169 ~]# getfattr -d -m . -e hex /bricks/brick1/testing/level00
getfattr: Removing leading '/' from absolute path names
# file: bricks/brick1/testing/level00
security.selinux=0x73797374656d5f753a6f626a6563745f723a756e6c6162656c65645f743a733000
trusted.afr.dirty=0x000000000000000000000000
trusted.afr.test-client-3=0x0000000000000000000001a2
trusted.gfid=0x725ab1d7bed94a25b1a095e2c15605b7
trusted.glusterfs.dht=0x0000000000000000aaac18d6ffffffff


-122 ~]# getfattr -d -m . -e hex /bricks/brick1/testing/level00
getfattr: Removing leading '/' from absolute path names
# file: bricks/brick1/testing/level00
security.selinux=0x73797374656d5f753a6f626a6563745f723a756e6c6162656c65645f743a733000
trusted.afr.dirty=0x000000000000000000000000
trusted.afr.test-client-3=0x000000000000000000000000
trusted.afr.test-client-4=0x000000000000000000000000
trusted.gfid=0x725ab1d7bed94a25b1a095e2c15605b7
trusted.glusterfs.dht=0x0000000000000000aaac18d6ffffffff

Comment 13 Mohammed Rafi KC 2019-07-05 12:08:48 UTC

*** Bug 1727257 has been marked as a duplicate of this bug. ***

Comment 14 Mohammed Rafi KC 2019-07-05 15:11:20 UTC

upstream patch: https://review.gluster.org/#/c/glusterfs/+/23005/1

Comment 18 Yaniv Kaul 2019-12-17 07:27:39 UTC

(In reply to Mohammed Rafi KC from comment #14)
> upstream patch: https://review.gluster.org/#/c/glusterfs/+/23005/1

This was merged upstream in August, how come it's not part of 3.5.1?

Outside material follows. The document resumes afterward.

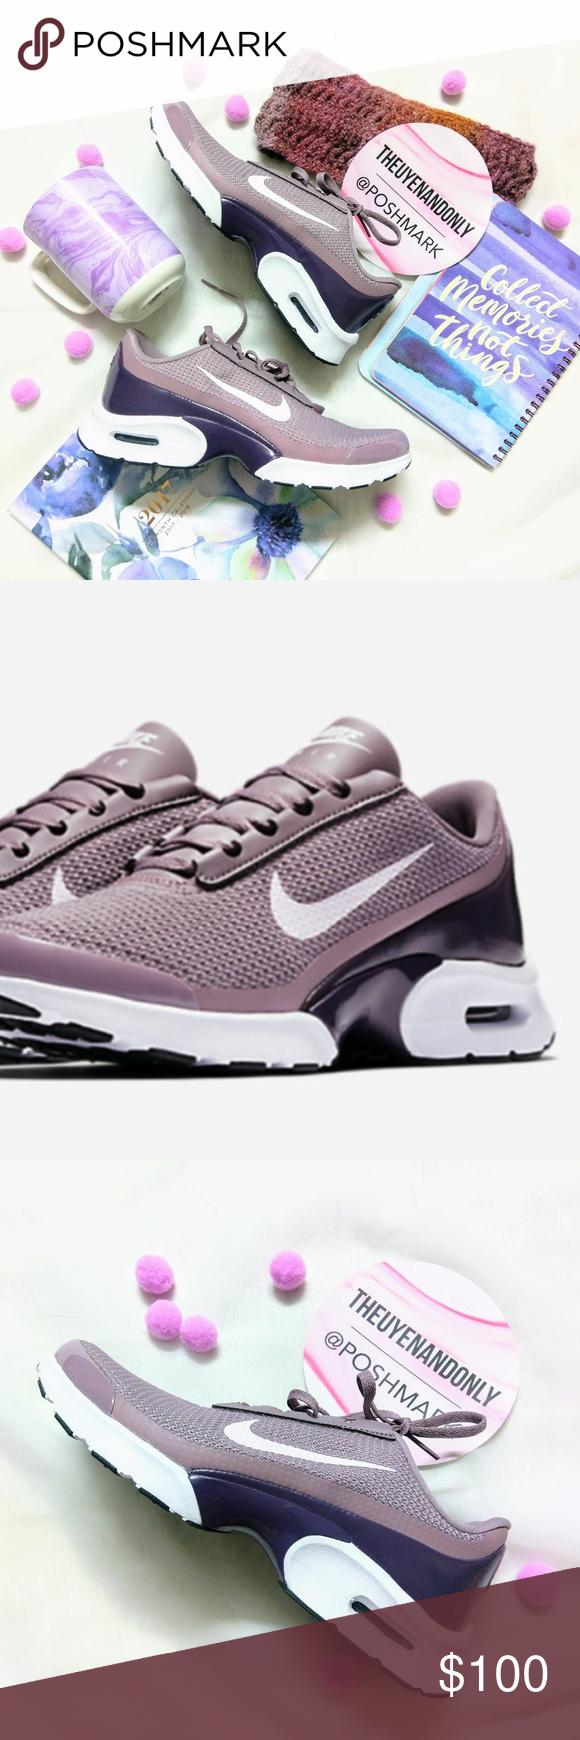 2238 Best Nike free runs images in 2019 | Nike free, Nike

Comment 19 Mohammed Rafi KC 2019-12-24 07:41:14 UTC

(In reply to Yaniv Kaul from comment #18)
> (In reply to Mohammed Rafi KC from comment #14)
> > upstream patch: https://review.gluster.org/#/c/glusterfs/+/23005/1
> 
> This was merged upstream in August, how come it's not part of 3.5.1?

It was a patch that comes with shd multiplex feature. This bug doesn't exist without the feature. Since the shd feature is reverted from 3.5.0, it is not part of the 3.5 branches yet.